### WHAT IS BEING ASKED
Go to the line holding "variety of wood" in the data below and repeat it exactly, then each line after it up to and including the one holding "Photo of Different". Omit pictures.

### MATERIAL PROVIDED
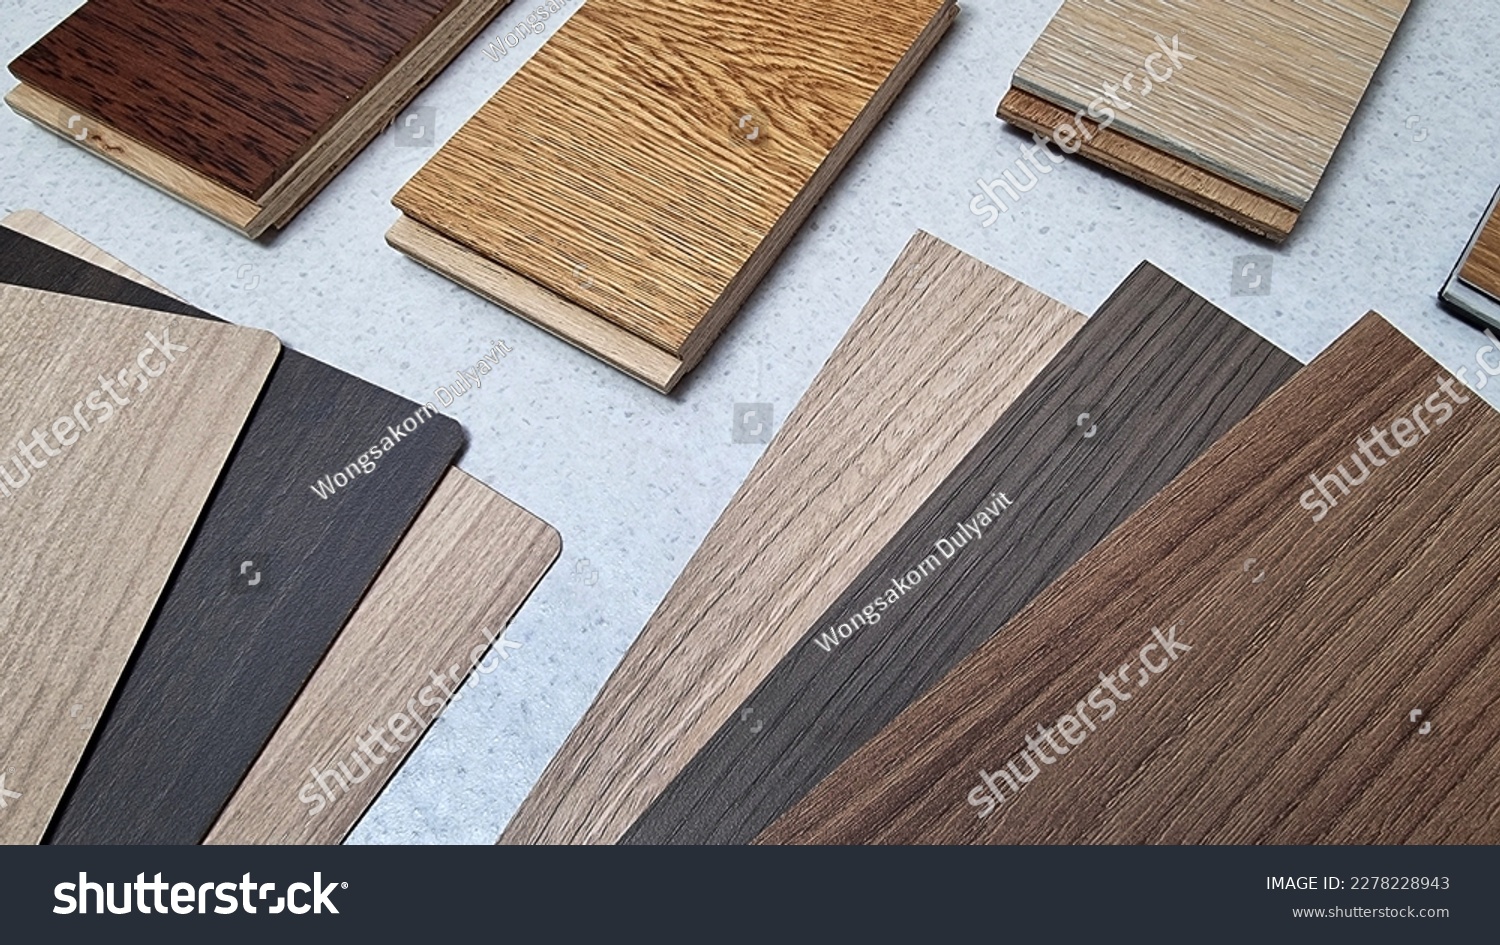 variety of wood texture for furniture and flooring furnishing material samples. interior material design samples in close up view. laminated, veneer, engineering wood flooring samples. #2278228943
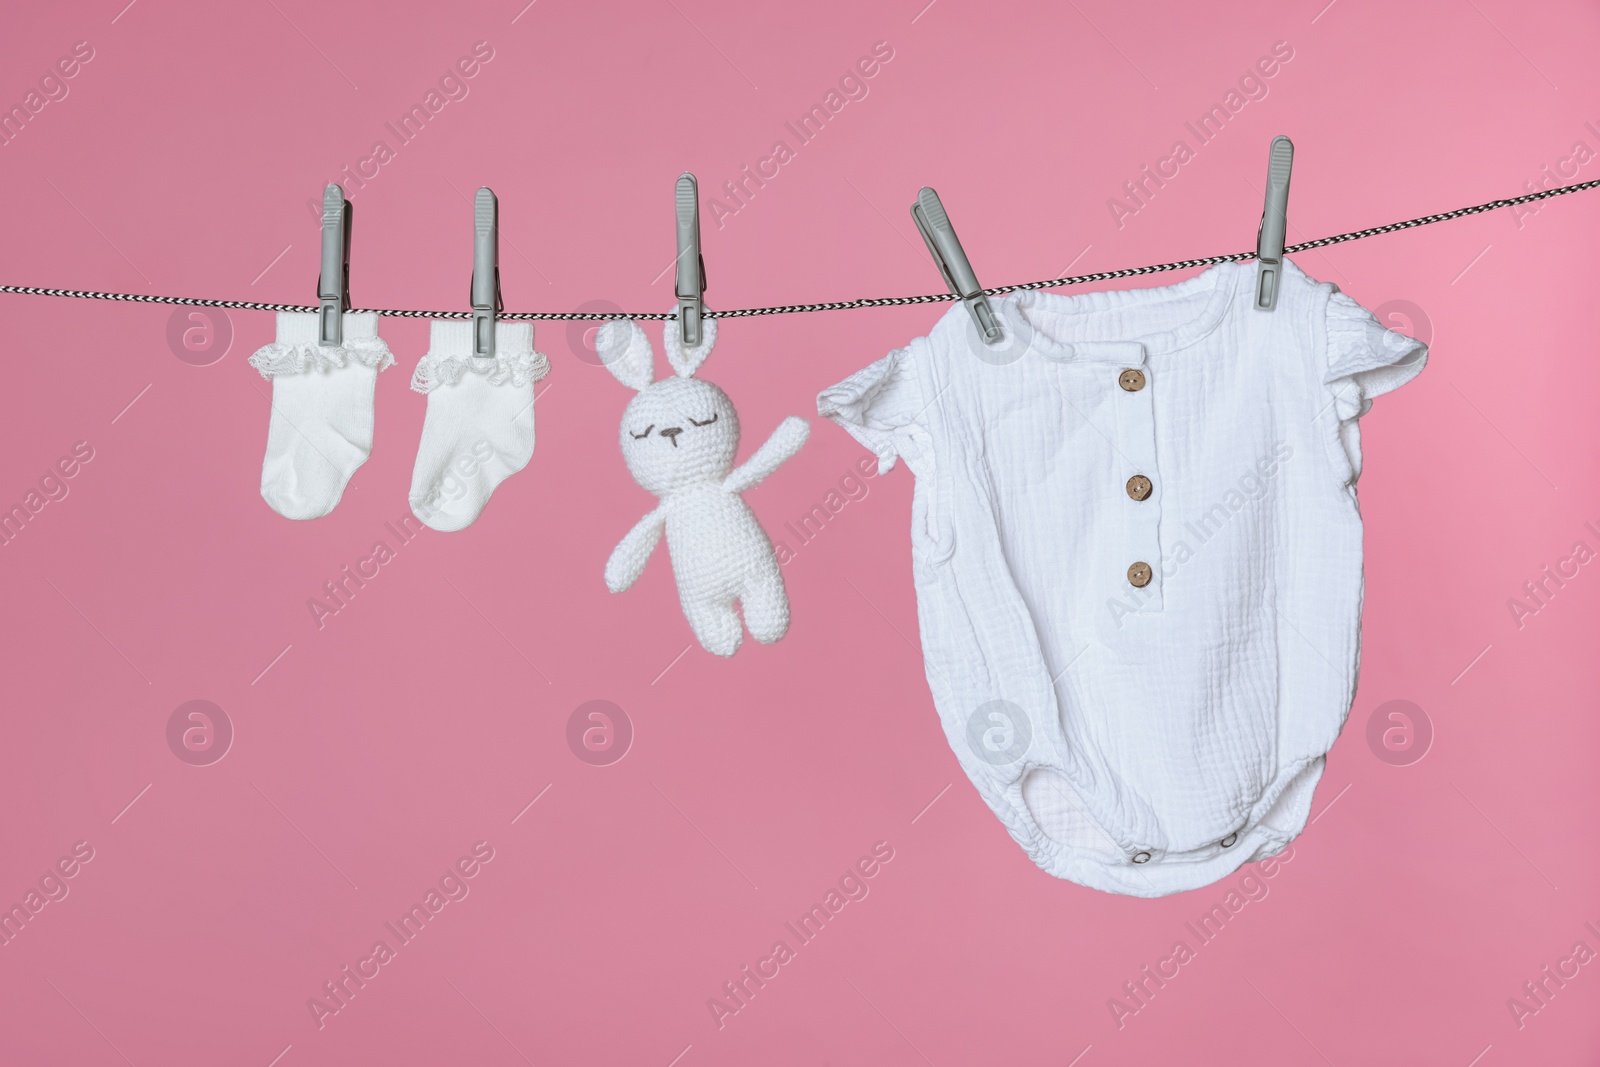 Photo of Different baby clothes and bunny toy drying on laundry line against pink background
---
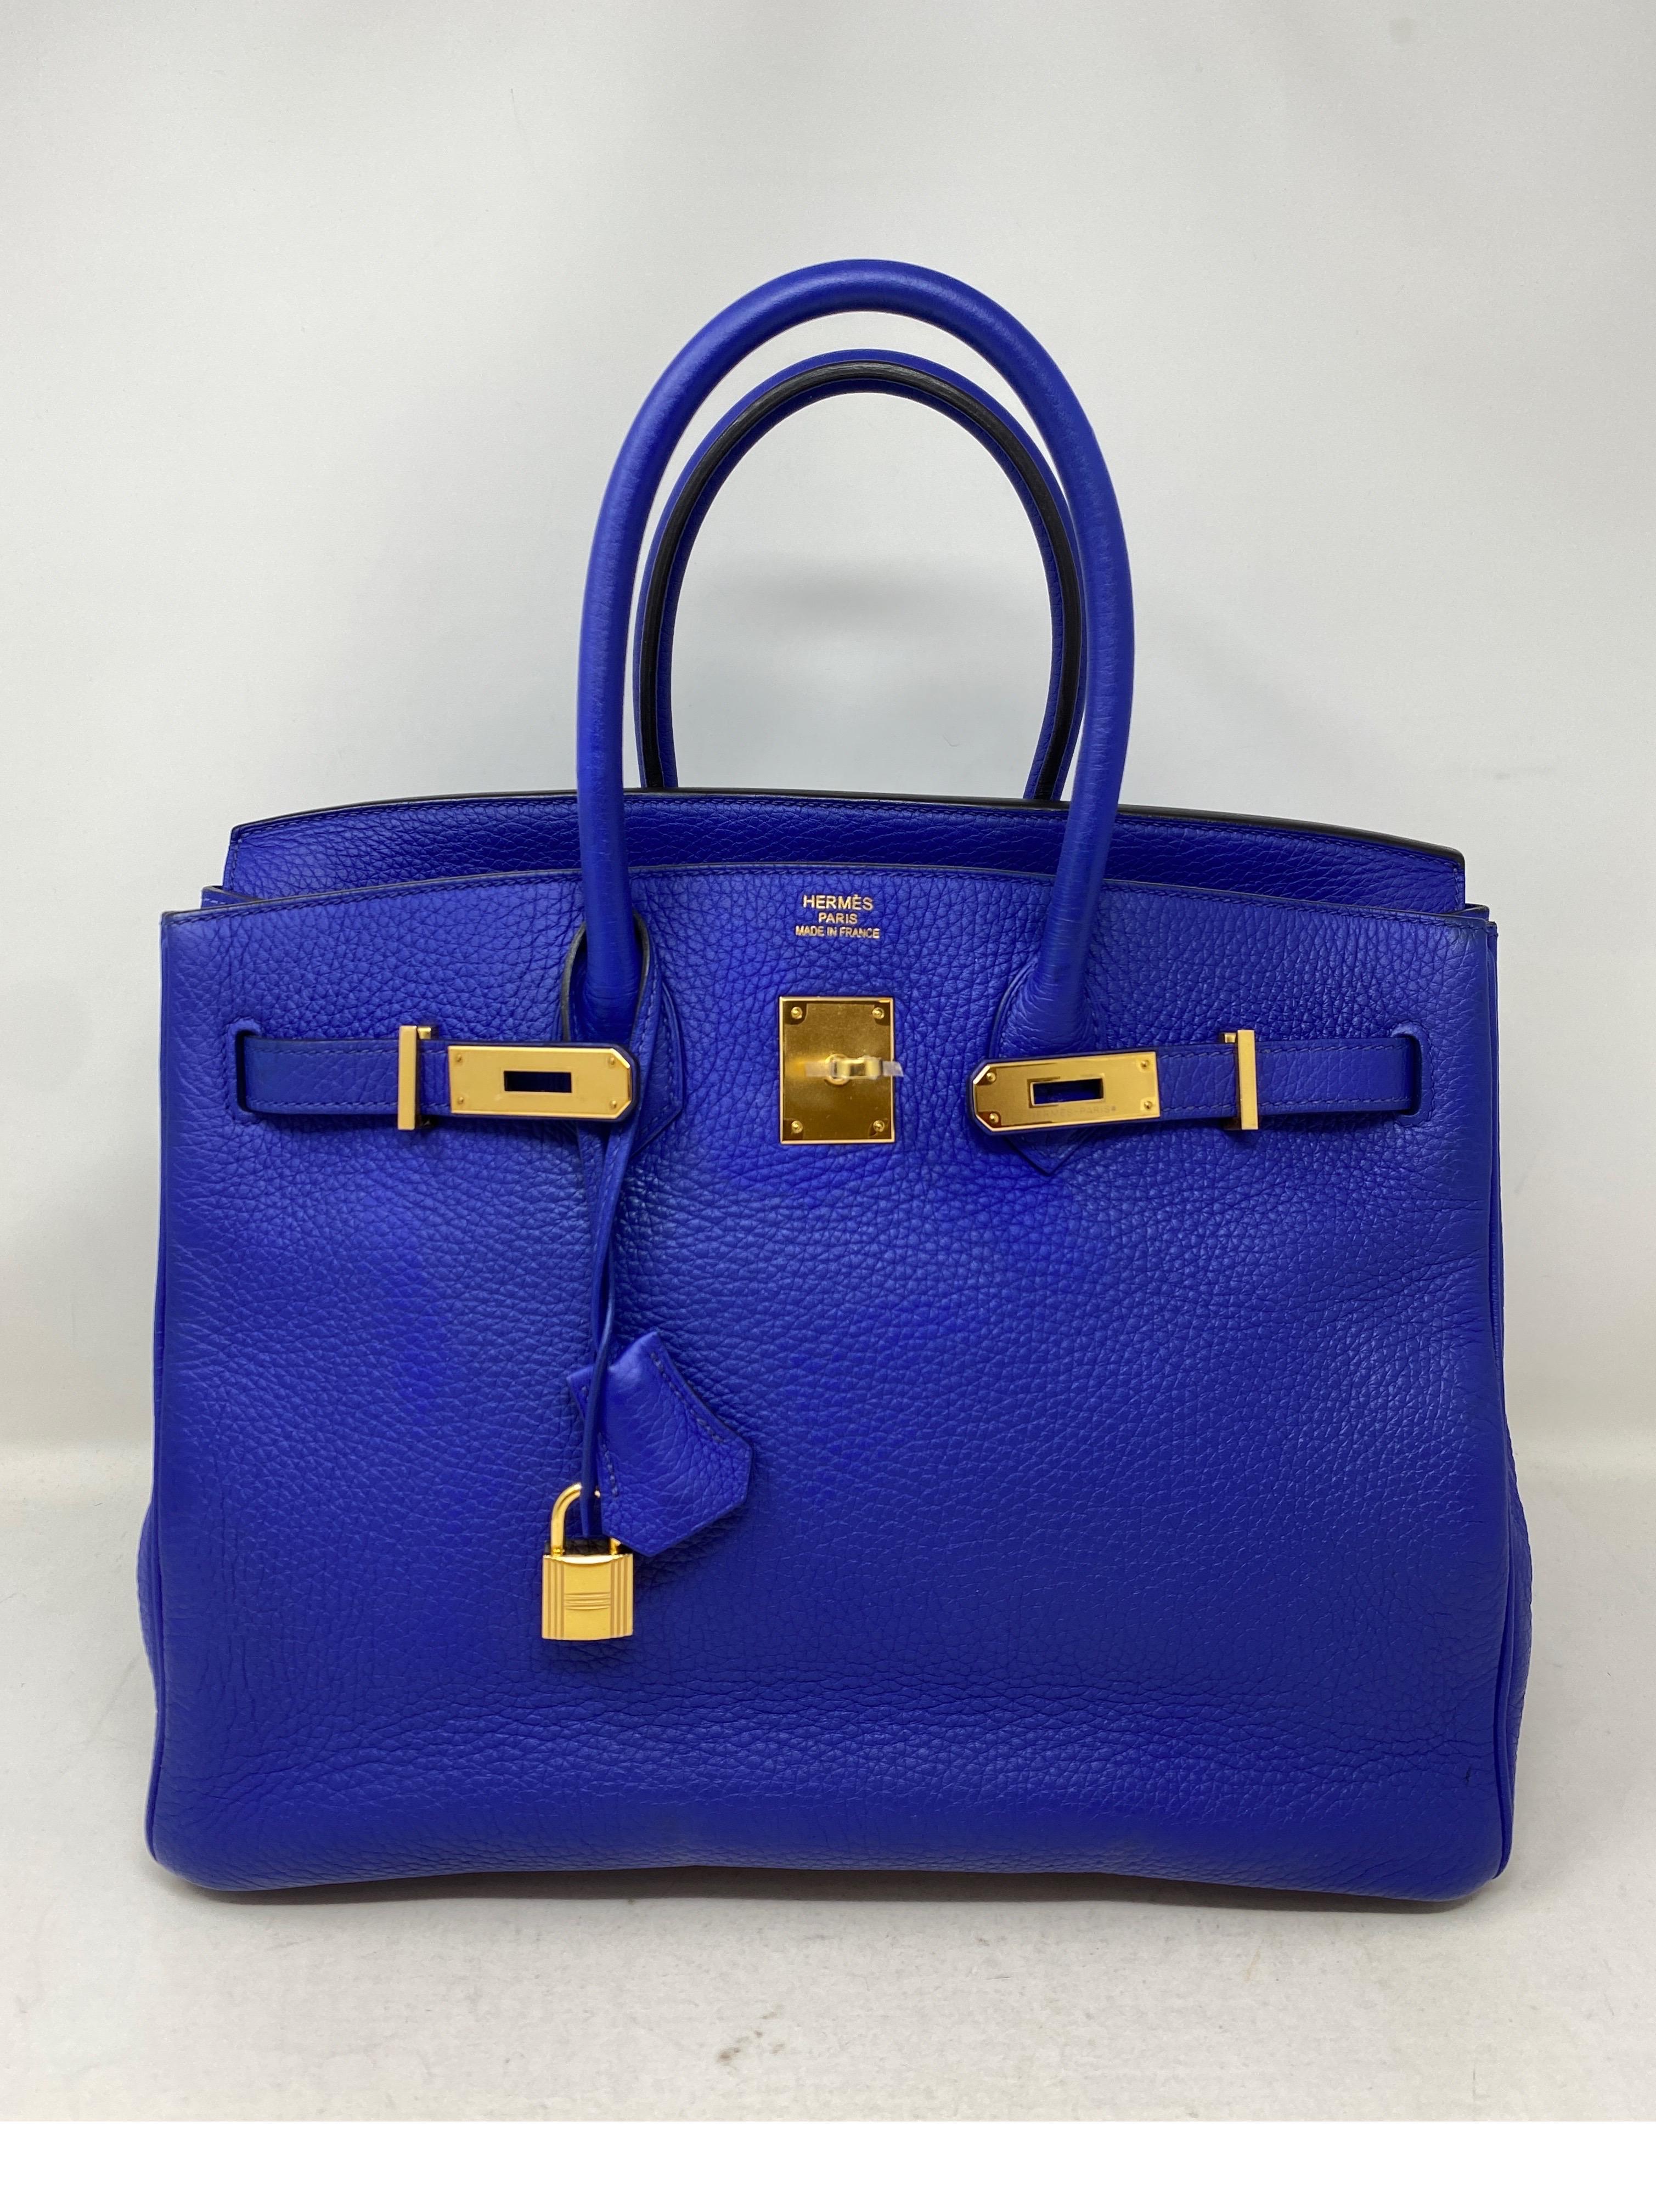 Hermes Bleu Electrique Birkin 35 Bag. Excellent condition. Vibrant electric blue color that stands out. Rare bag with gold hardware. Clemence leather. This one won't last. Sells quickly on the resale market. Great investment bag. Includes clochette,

### ANSWER FOR THIS EXERCISE
 variety of wood texture for furniture and flooring furnishing material samples. interior material design samples in close up view. laminated, veneer, engineering wood flooring samples. #2278228943
 Photo of Different baby clothes and bunny toy drying on laundry line against pink background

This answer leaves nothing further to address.